Average rock temperature and heat extraction ratio.

In the last five years, the heat extraction ratio is case 1, case 3, case 4, case 5, case2 and case 6 from high to low, respectively. The fracture area is 5.0 × 10⁵, 8.3 × 10⁵, 7.1 × 10⁵, 8.3 × 10⁵, 11.2 × 10⁵ and 12.1 × 10⁵ m², respectively. If the simulation time is prolonged to 40 years, the heat extraction ratio of case 4 may surpass that of case 3. Therefore, it can be concluded that the injection well number is the key factor and the fracture area is the secondary factor on heat extraction when the HDR energy is enough, the influence of the injection well number is weakened and the fracture area is the key factor when the HDR energy is not enough.

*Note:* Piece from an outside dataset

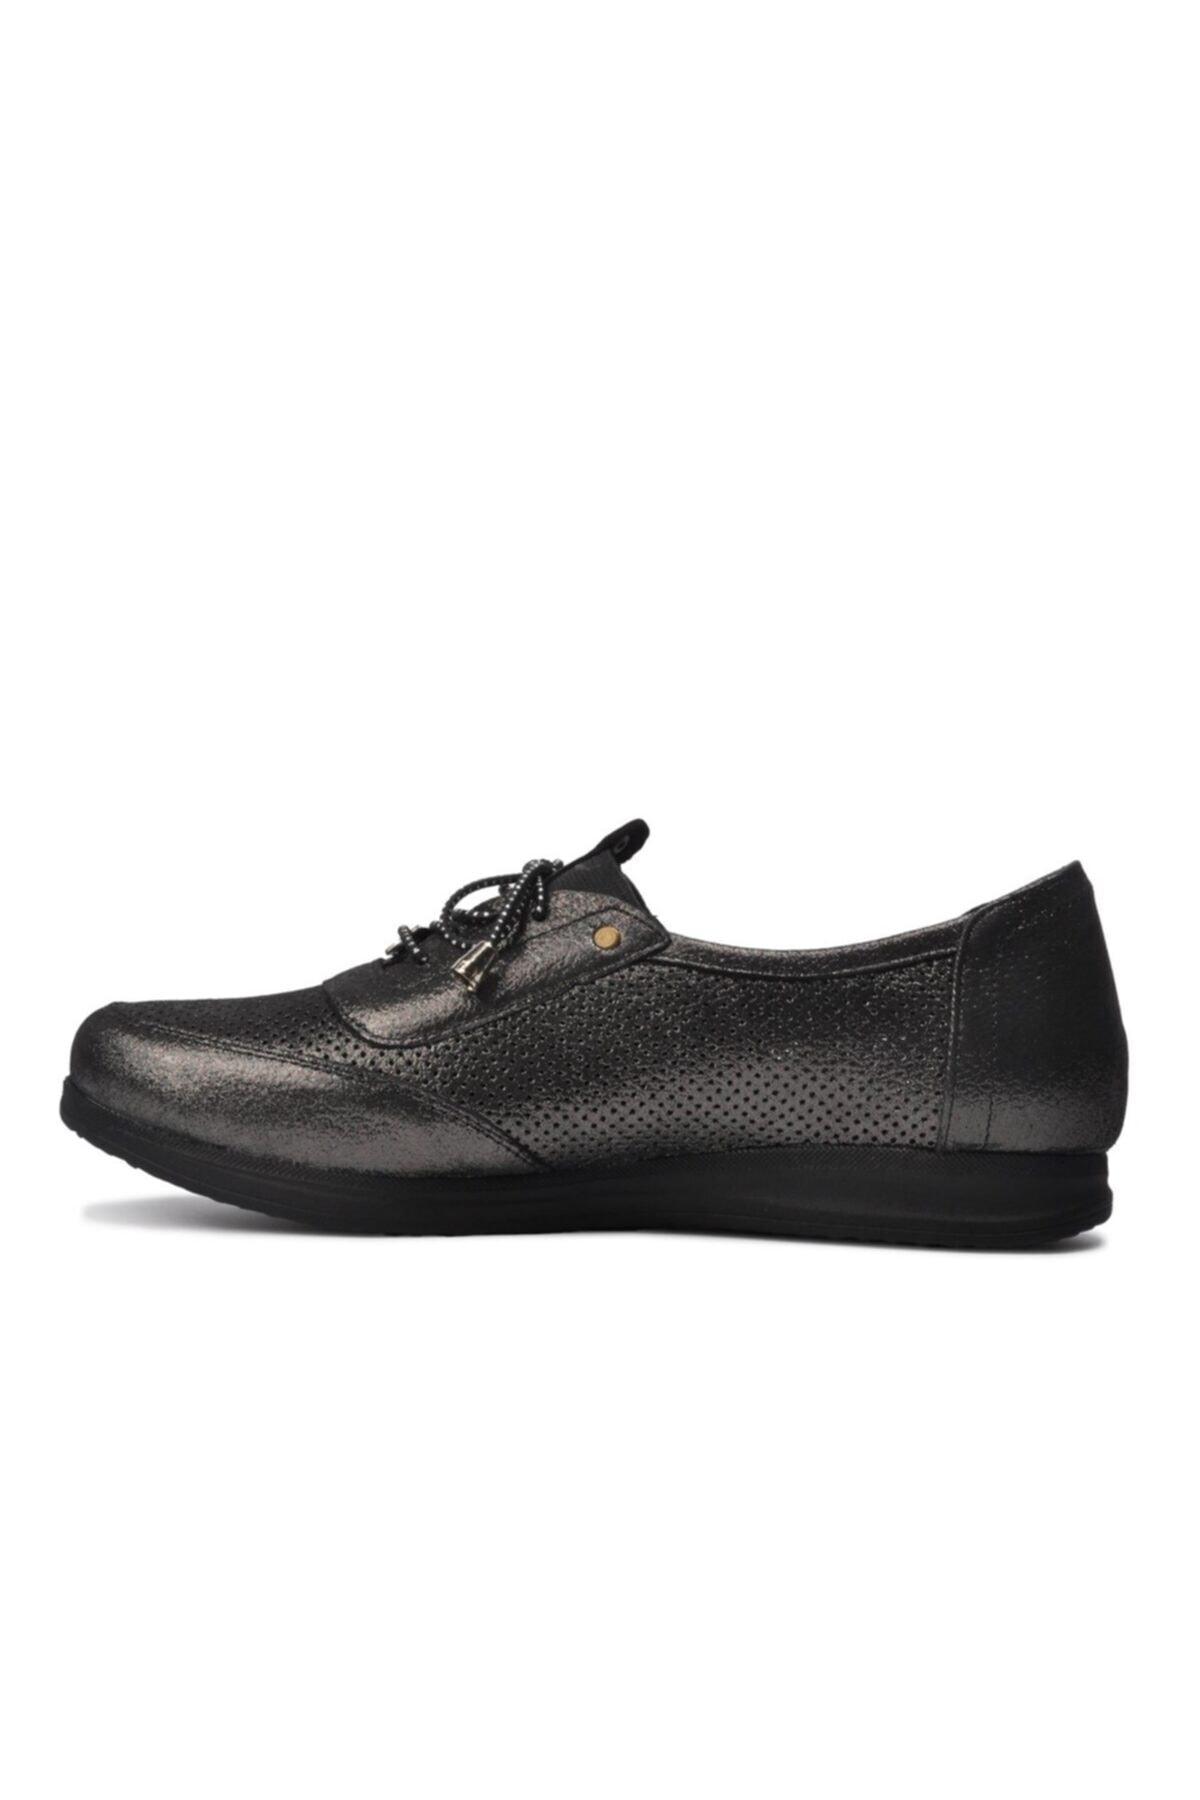 Pierre Cardin Kadın Platin Günlük Ayakkabı 2

Figure 19 demonstrates the heat extraction ratio for (a) electricity generation and (b) heating demand of different well layout under the total injection mass flow rate of 120 kg/s. Under the simulation condition, for electricity generation, the heat extraction ratio is 65.83, 57.35, 65.96, 62.79, 59.30 and 43.09% from case 1 to case 6, respectively. For heating demand, the heat extraction ratio is 78.91, 69.63, 77.02, 75.92, 72.27 and 58.94%, respectively. Since the maximum calculation time is 30 years, there may be errors in the heat extraction statics for heating demand. Under the simulation condition, Case 1, Case 3 and Case 4 are the good choice both for electricity generation and heating demand.

Figure 19.

Heat extraction ratio for (a) electricity generation and (b) heating demand.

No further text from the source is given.